Because PI3K inhibitors suppressed epithelial invasion in murine organotypic cultures, we next asked whether PI3K activity was necessary for invasive protrusion in PTEN−/− MCF10A acini. Treatment of cells with GDC0941 (PI3K inhibitor), markedly reduced protrusions in PTEN−/− acini, suggesting that PI3K activity is also required to induce invasion in this system (Fig. 5B and C). Remarkably, treatment with either rapamycin (mTORC1 inhibitor), AZD8055, or Torin1 (mTORC1/mTORC2 inhibitor) dramatically increased acinar invasion specifically in the PTEN−/− clones, with only a minimal effect on the parental wild-type cells (Fig. 5B and C, data not shown). Time-lapse DIC imaging revealed that rapamycin stabilized the otherwise transient invasive cytoplasmic protrusions and promoted their growth into cords and branches of cells, ramifying into an interconnected ductal network that was never seen in parental wild-type cells treated with the same drug (Fig. 5D, Supplementary Movies S2A and S2C).

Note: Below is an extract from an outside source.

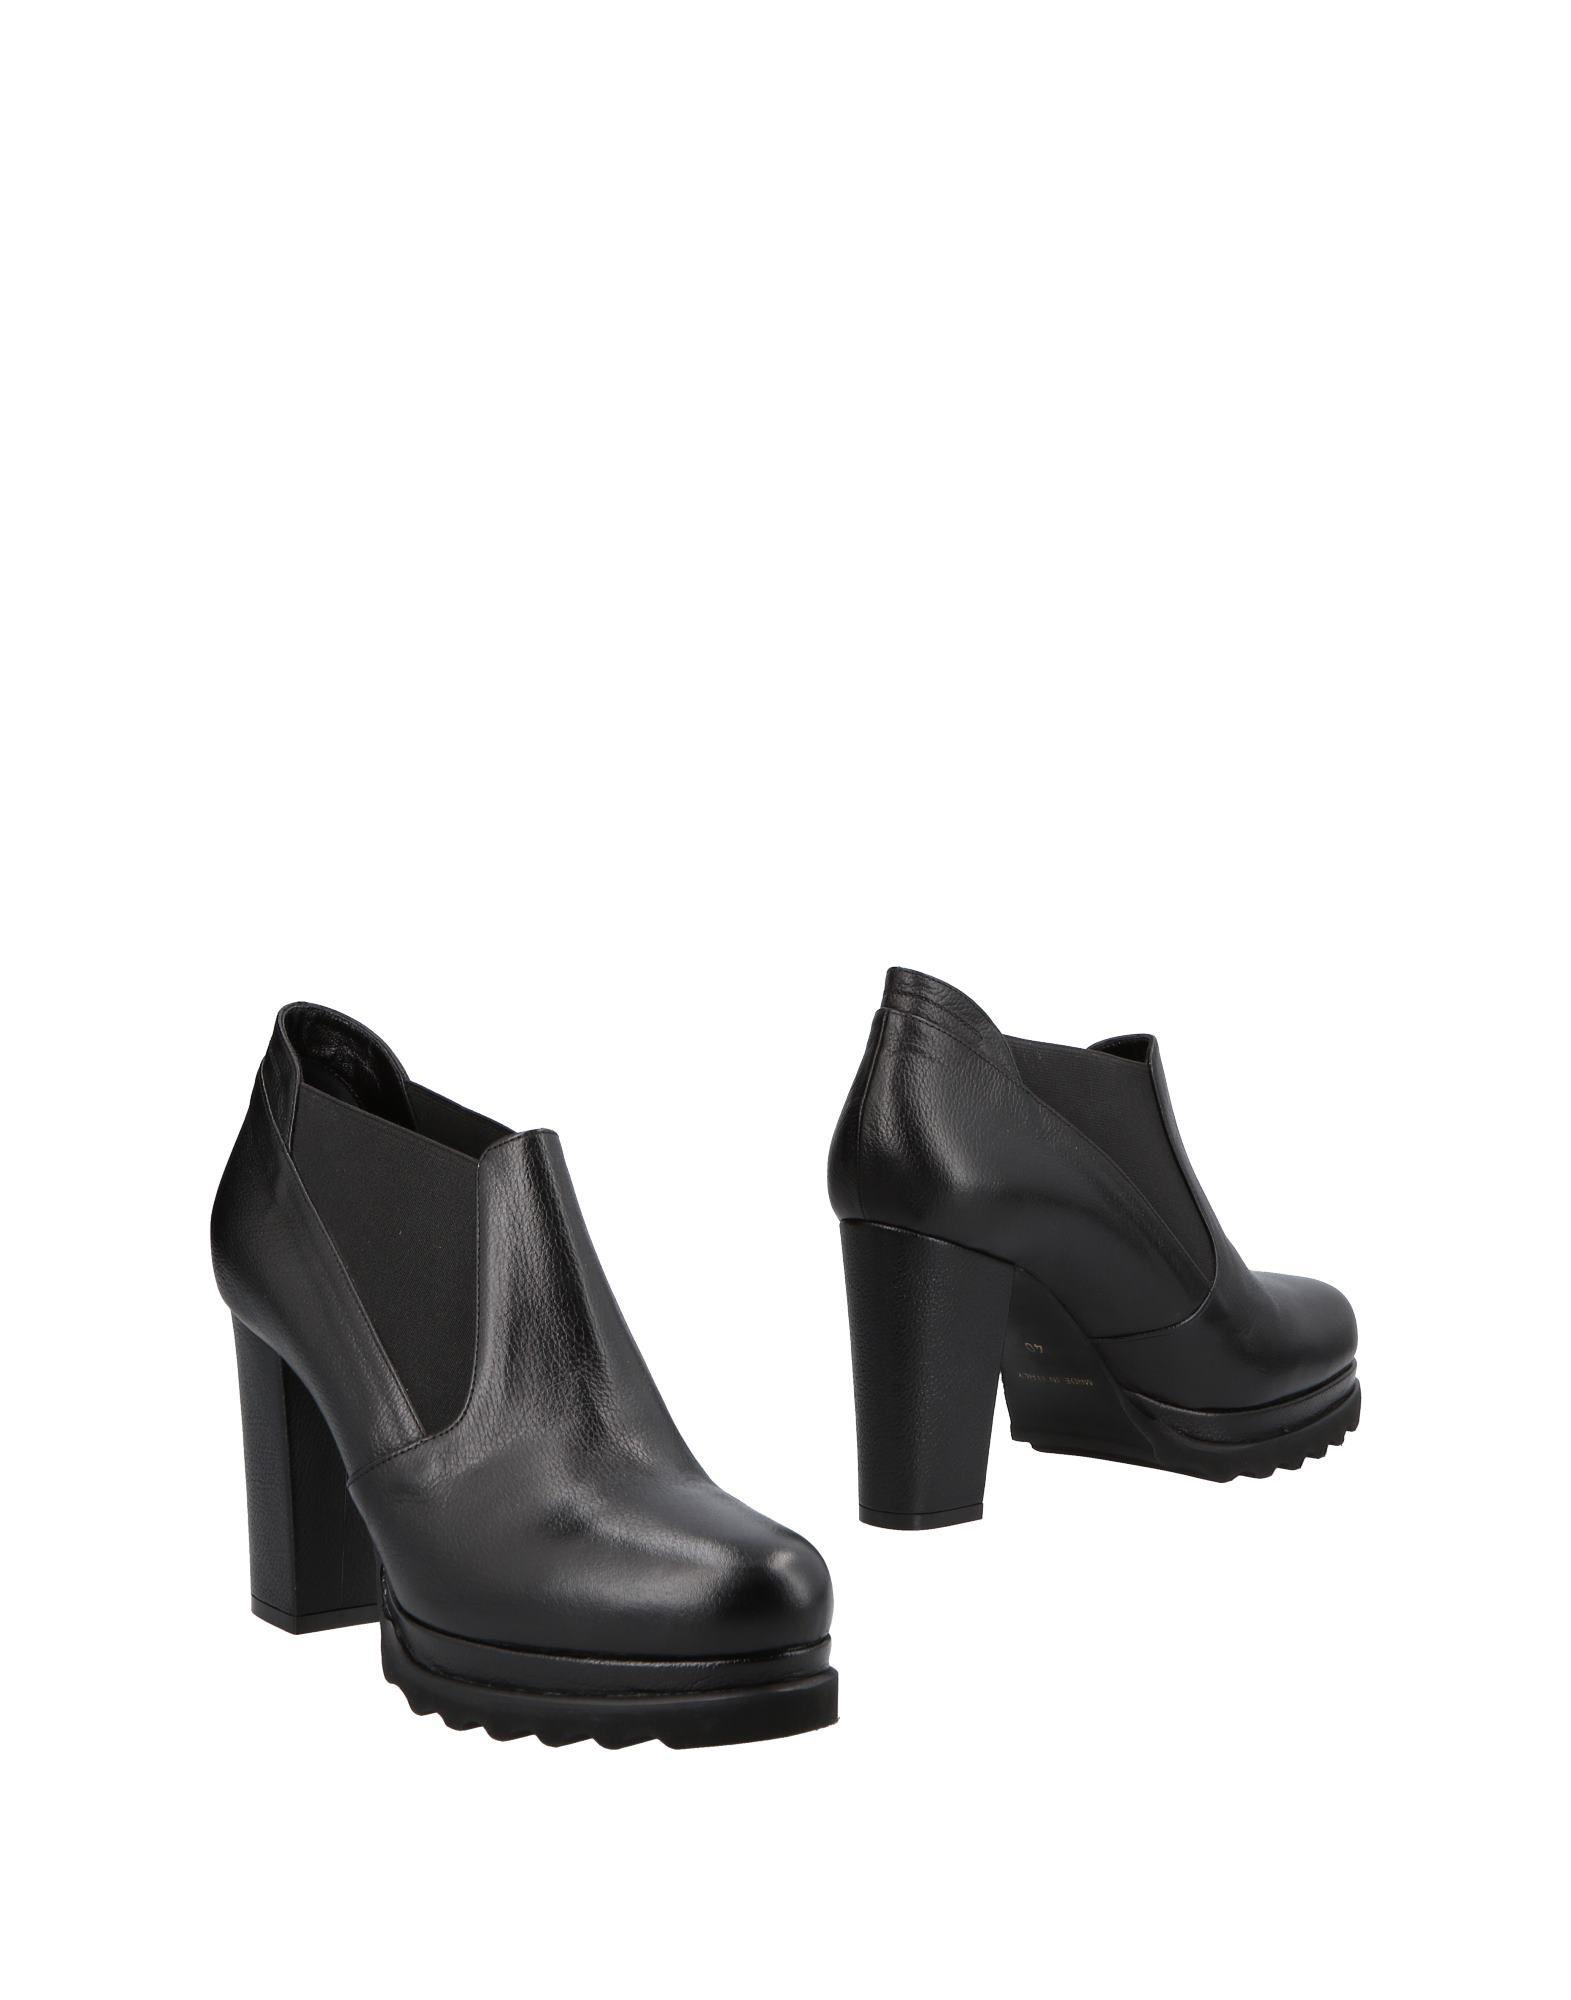 Sergio Cimadamore Stiefelette Damen  11494828JP Gute Qualität beliebte Schuhe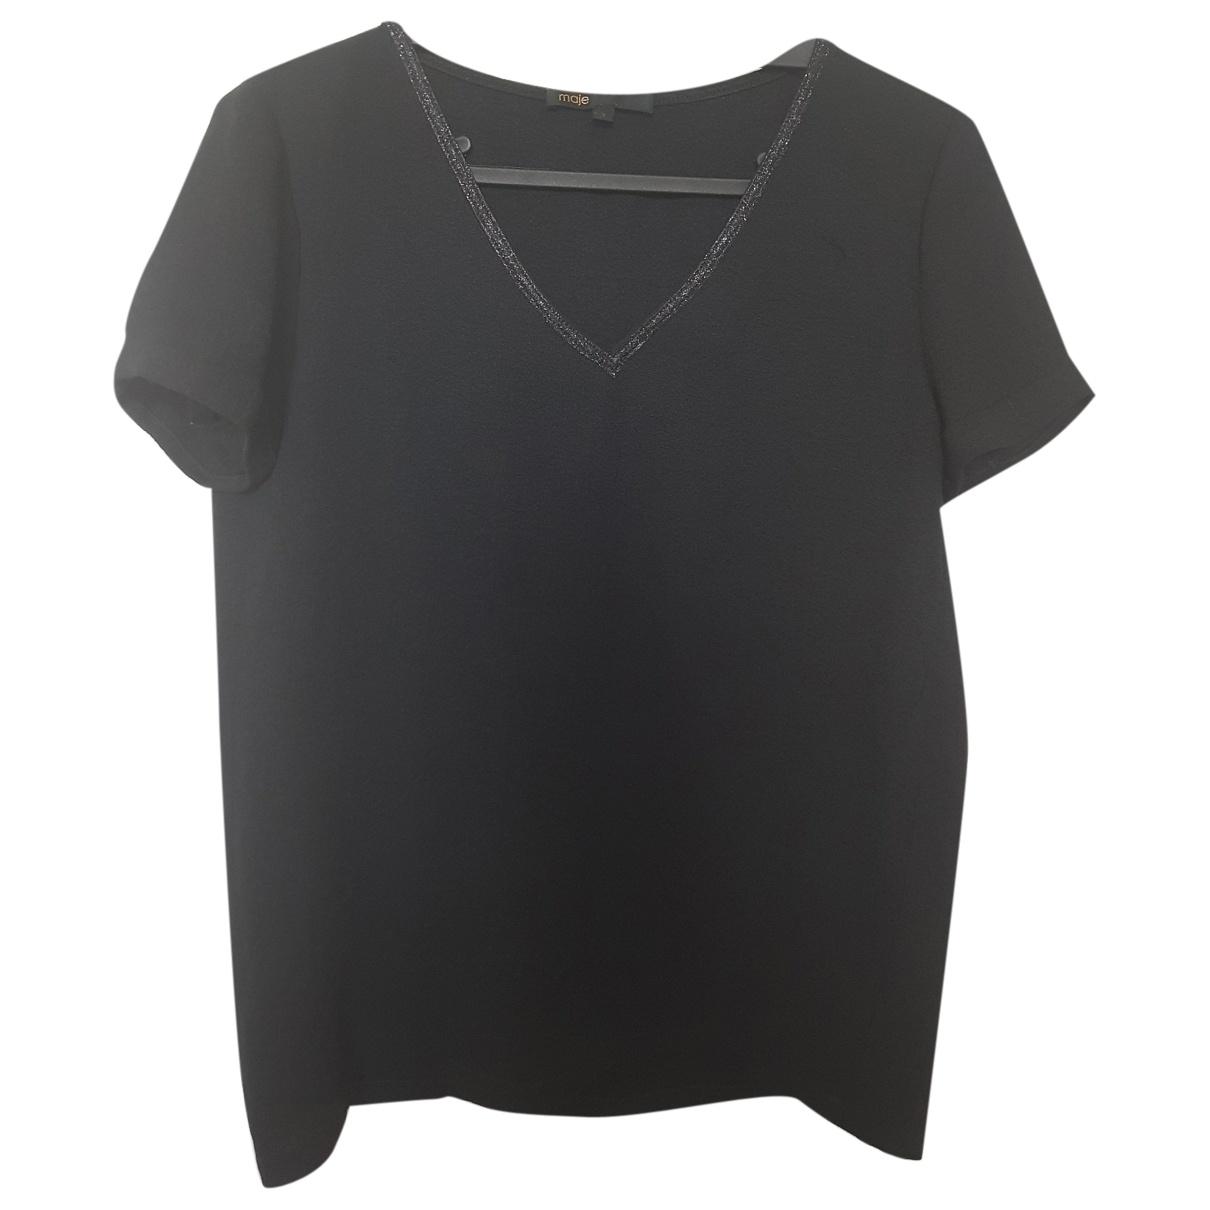 Maje - Top   pour femme - gris

At the signal transduction level, rapamycin or AZD8055 treatment markedly increased upstream PI3K signaling [as indicated by p-AKT(T308) levels], more dramatically in the PTEN−/− clones than in the wild-type cells (Fig. 5E and F). Interestingly, basal p-AKT (T308) levels appeared constitutively suppressed in the vehicle-treated PTEN−/− clones such that differences in p-AKT (T308) were not readily apparent between the PTEN−/− and wild-type clones until rapamycin or AZD8055 was added. This contrasted with p-AKT (S473;a marker of mTORC2 activity), which was more consistently elevated in vehicle-treated PTEN−/− clones and which was increased even further by treatment with rapamycin, but suppressed as expected by AZD8055 (Fig. 5E). To examine the effects of a combined PI3K/mTOR inhibitor, we also tested BEZ235 in the MCF10A system. Interestingly, we found BEZ235 to be indistinguishable from pure mTOR kinase inhibitors, as it suppressed p-AKT (S473) levels but increased p-AKT (T308) levels and induced epithelial invasion, particularly in PTEN−/− clones (Supplementary Fig. S5). Thus, as in murine organotypic cultures, PI3K activity is required for epithelial invasion, whereas mTORC1 activity is dispensable. In both systems, mTORC1 inhibition relieves constitutive suppression of PI3K activity in PTEN−/− cells and the resultant increase in PI3K activity correlates with a striking increase in epithelial invasion in this setting.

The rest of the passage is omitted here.